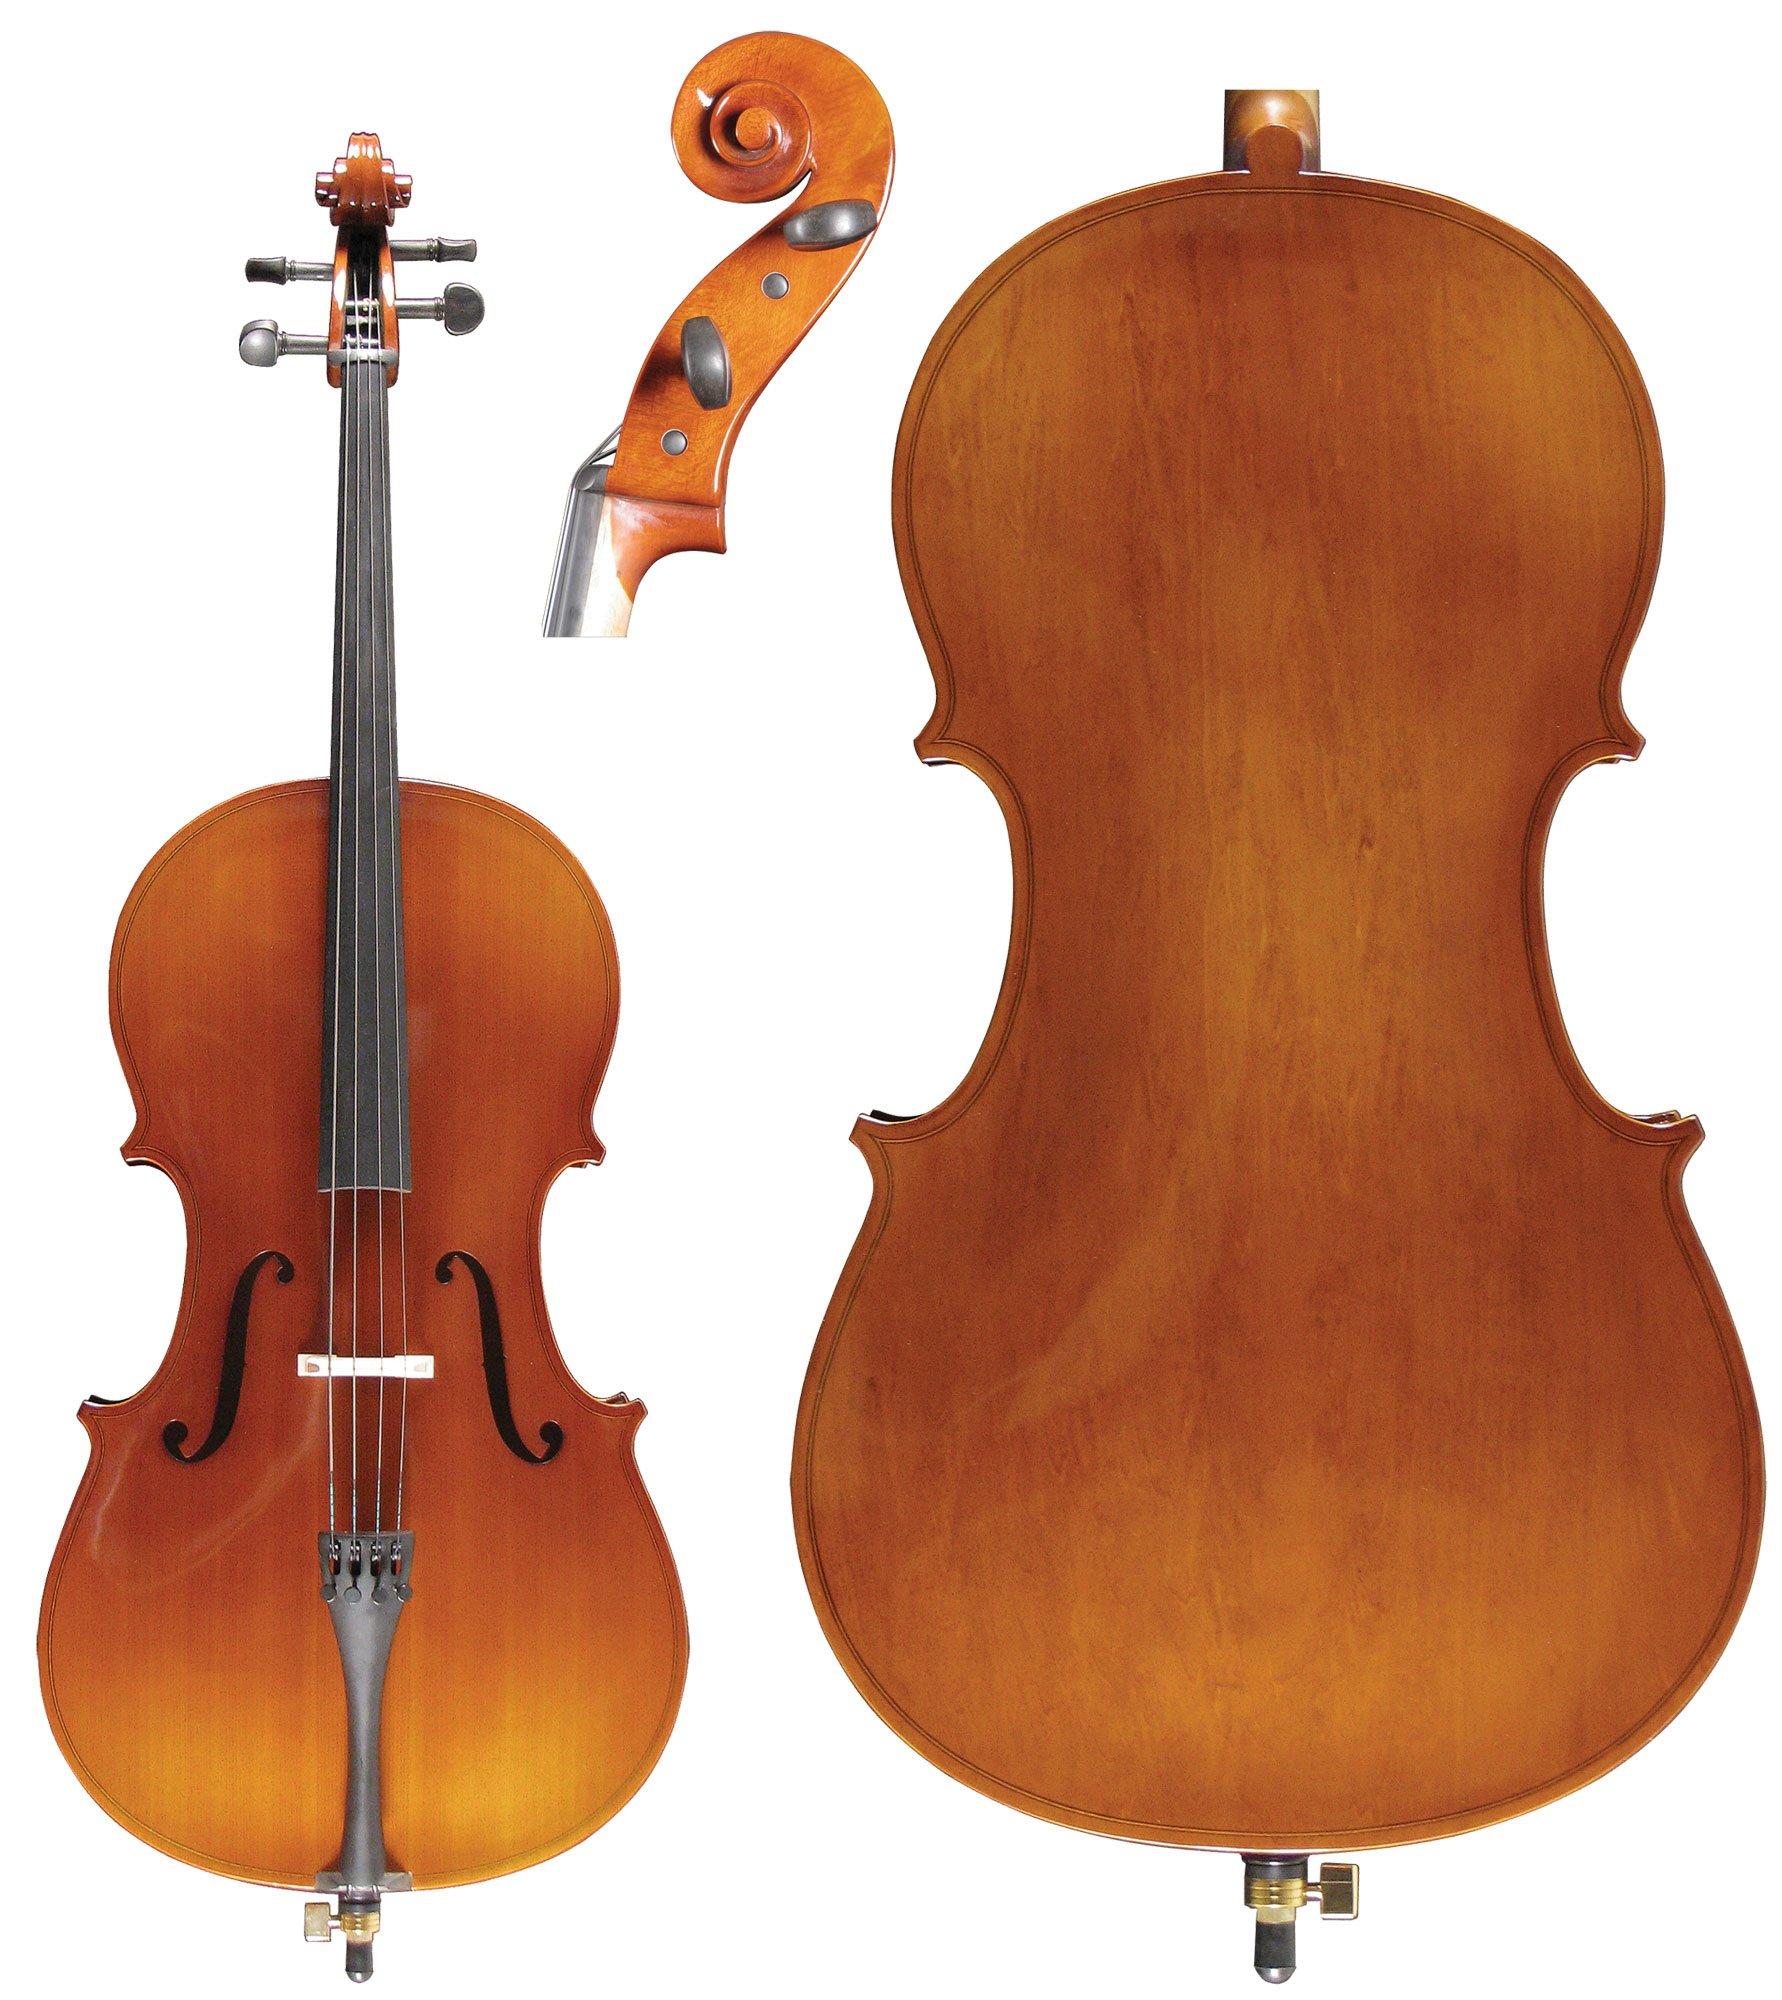 M. Ravel, 4-String Cello - Acoustic (CE1001/2)
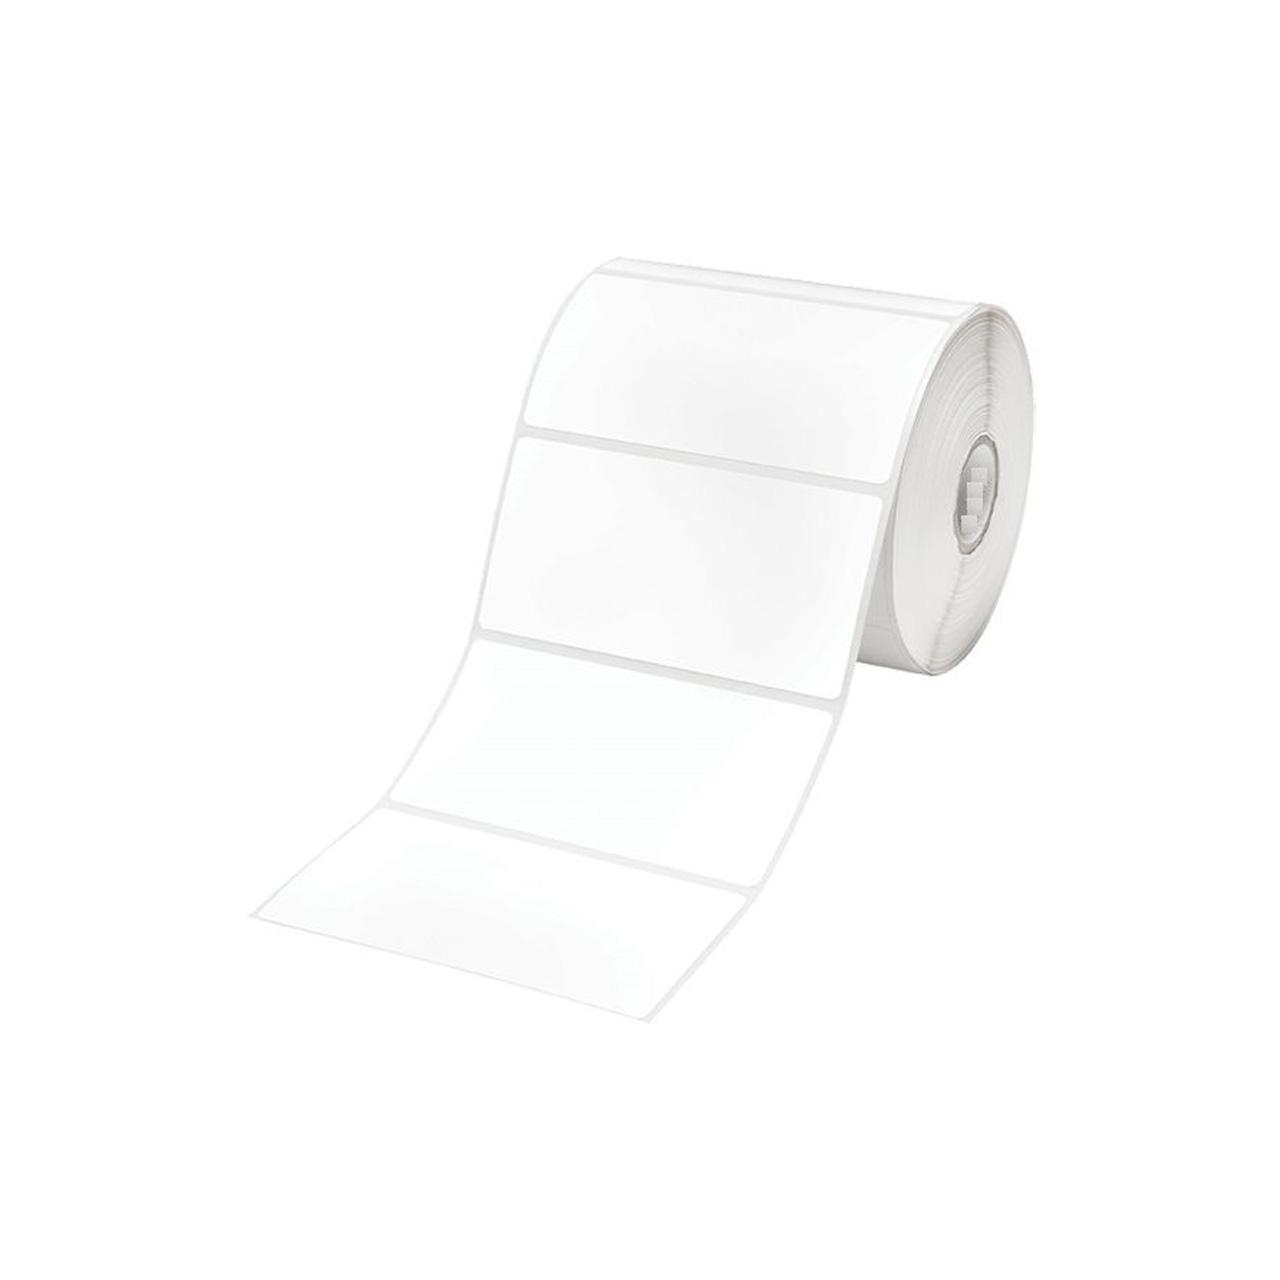 برچسب پرینتر لیبل زن اپسون مدل High Gloss Label  Die-cut Roll 76mm x 51mm
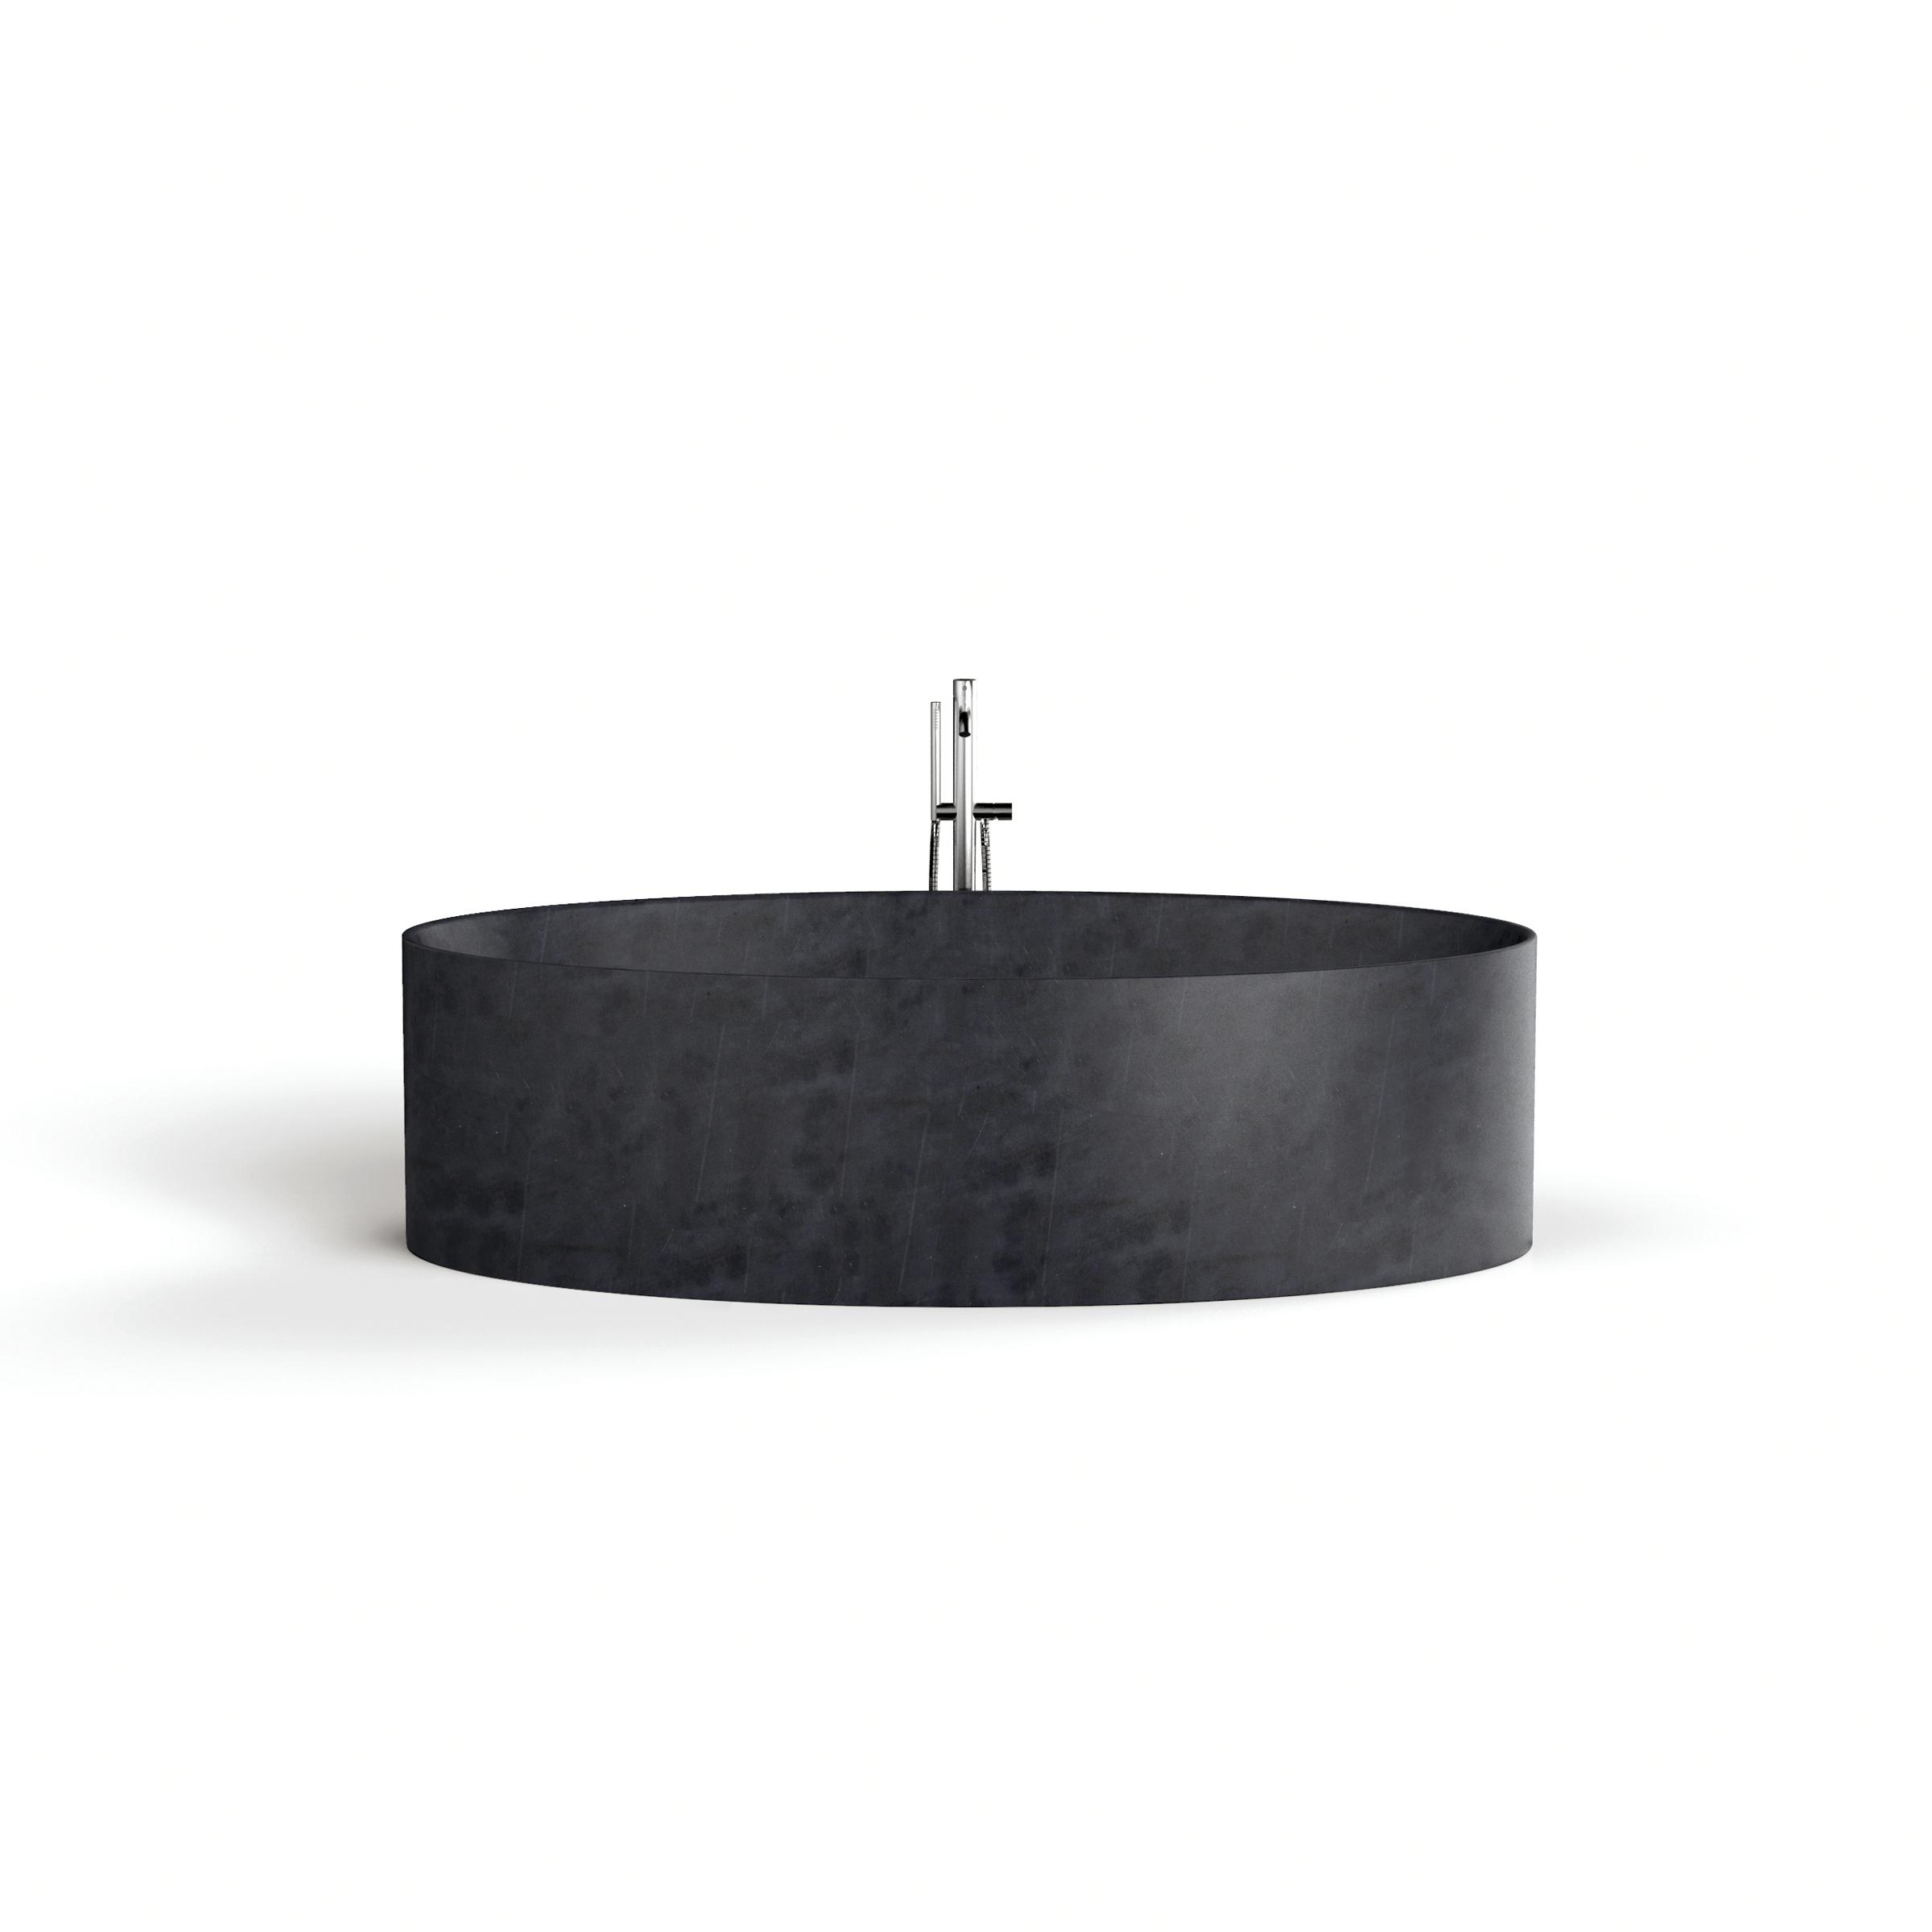 OVALE BATH | Marmi Serafini

## Work order
The lines above must be transcribed exactly, with every picture left out.

## Solution for this problem
 M. Ravel, 4-String Cello - Acoustic (CE1001/2)
 برچسب پرینتر لیبل زن اپسون مدل High Gloss Label  Die-cut Roll 76mm x 51mm
 OVALE BATH | Marmi Serafini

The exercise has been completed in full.